Citibank Driver’s Edge Options
Here’s my option: Don’t steal my number.
Some yahoo stole our credit card number! They charged about $600 worth of stuff from TowerRecords.com and WalMart.com. We’ve gone through all the appropriate channels and fixed everything, but if you see a music-loving thief hanging around a Wal-Mart, punch him in the nose for me.
It pays to check your statement online.
Brad says
Any idea how the guy got your number? I buy stuff online all the time and every once in a while wonder if this will be the time my number is stolen. But I realize that it’s to a company’s advantage not to have thier customers’ numbers stolen, so I imagine security is a high priority…
Lauren says
No idea, though I’m thinking that putting in on a bumper sticker might have been a bad idea….
Peggy says
I think Citibank should get a better acct. # system … I mean really, 50 … 60 … 70 … even the dumbest criminal would have luck figuring that one out.
Deanne says
WE HATE HIM!! What a hassle…
Karla says
I hope he bought some decent music, at least… If I see him, I’ll kick him in the shin on your behalf.
Lauren's mom says
“They say a man should always dress for the job he wants,
So why am I dressed up like a pirate in this restaurant?
It’s all because some hacker stole my identity.
Now I’m stuck here in this restaurant serving chowder and iced tea!”…..etc.. etc.
Lauren says
Ha! I love that commercial! I filled out my first police report a couple of hours ago. I feel so grown-up. (And ripped-off.)
Curt says
FYI….that is one of my company’s commercials, Experian.
B.E.C. says
Ooooh hey Lauren — Sorry to hear about your identity-thievery. For a second I read your post as: Yahoo stole my credit card, and I was like “Woah. That website is a naaasty bully.”
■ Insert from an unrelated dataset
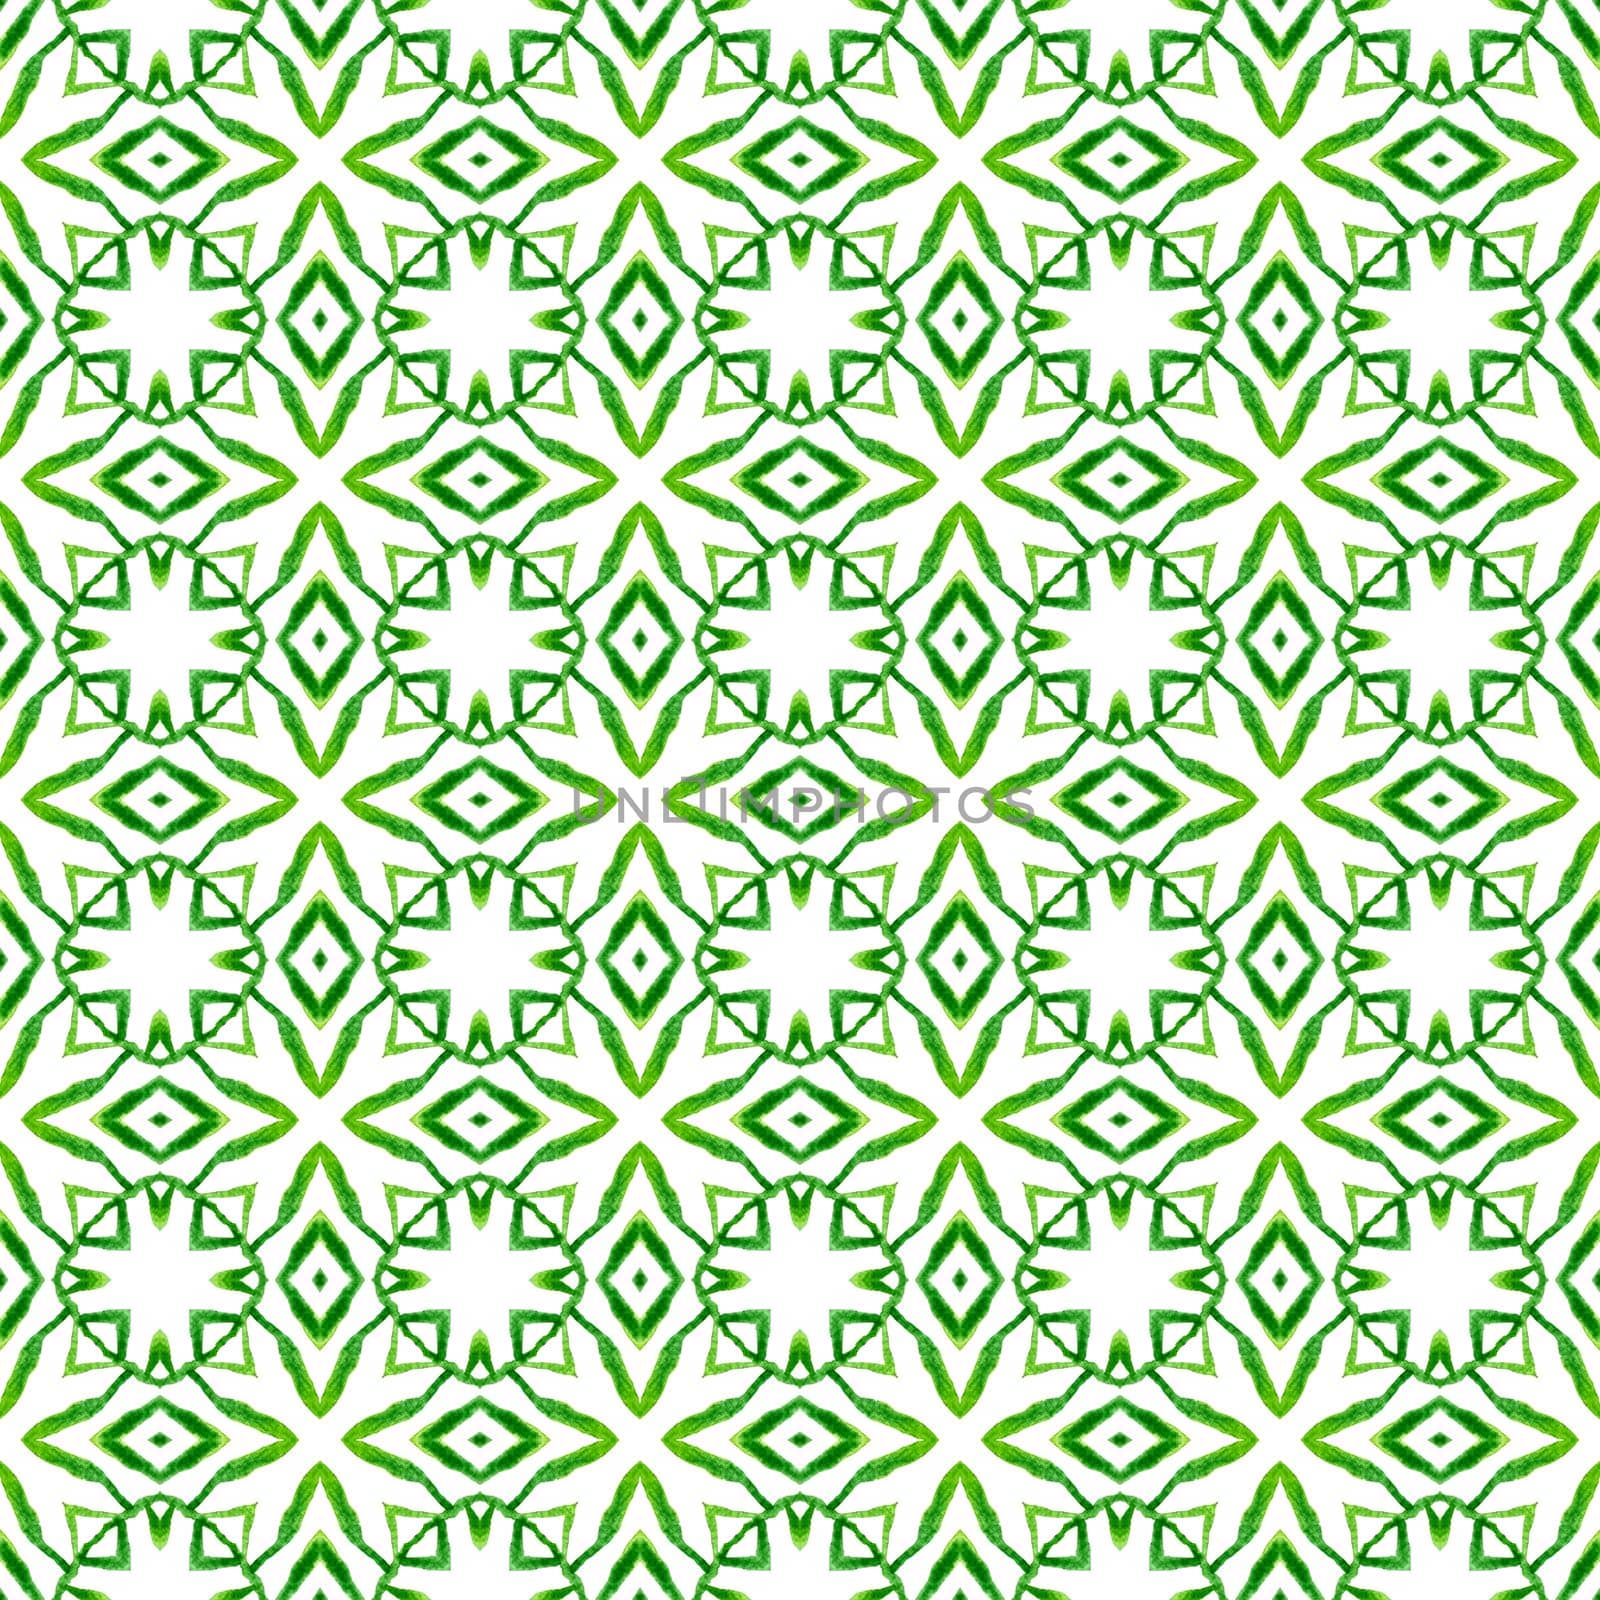 Chevron watercolor pattern. Green emotional boho by beginagain

But then I realized I was an idiot.
Anyhow, thanks for commenting on my blog — my readership is now probably at all of 6 people; with that said, I have heard mention of your baking goodness all up in the baking-blog community, and so your infamity (word? not a word?) precedes you in a way that made me feel hella excited to get your comment/read your blog! I look forward to posts in which bad things have not happened to you! or me! Yaaaay.
Mark says
I hate the feeling you carry around with you when some IDIOT wrapped in a MORON does something like this. I hope they find him, and that justice is done.
(The kind of justice that happens outside the courtroom in some dark alley.)
Kitt says
How very irritating.
I thought of you today when I was checking my statement and saw a charge for $47 from Scrubs Express. Huh? I Googled it and found it was a medical scrubs supply place. Luckily, it also showed where it was on a map.
Oh yeah! The carwash and gas station! I bought gas there. So much for directory assistance.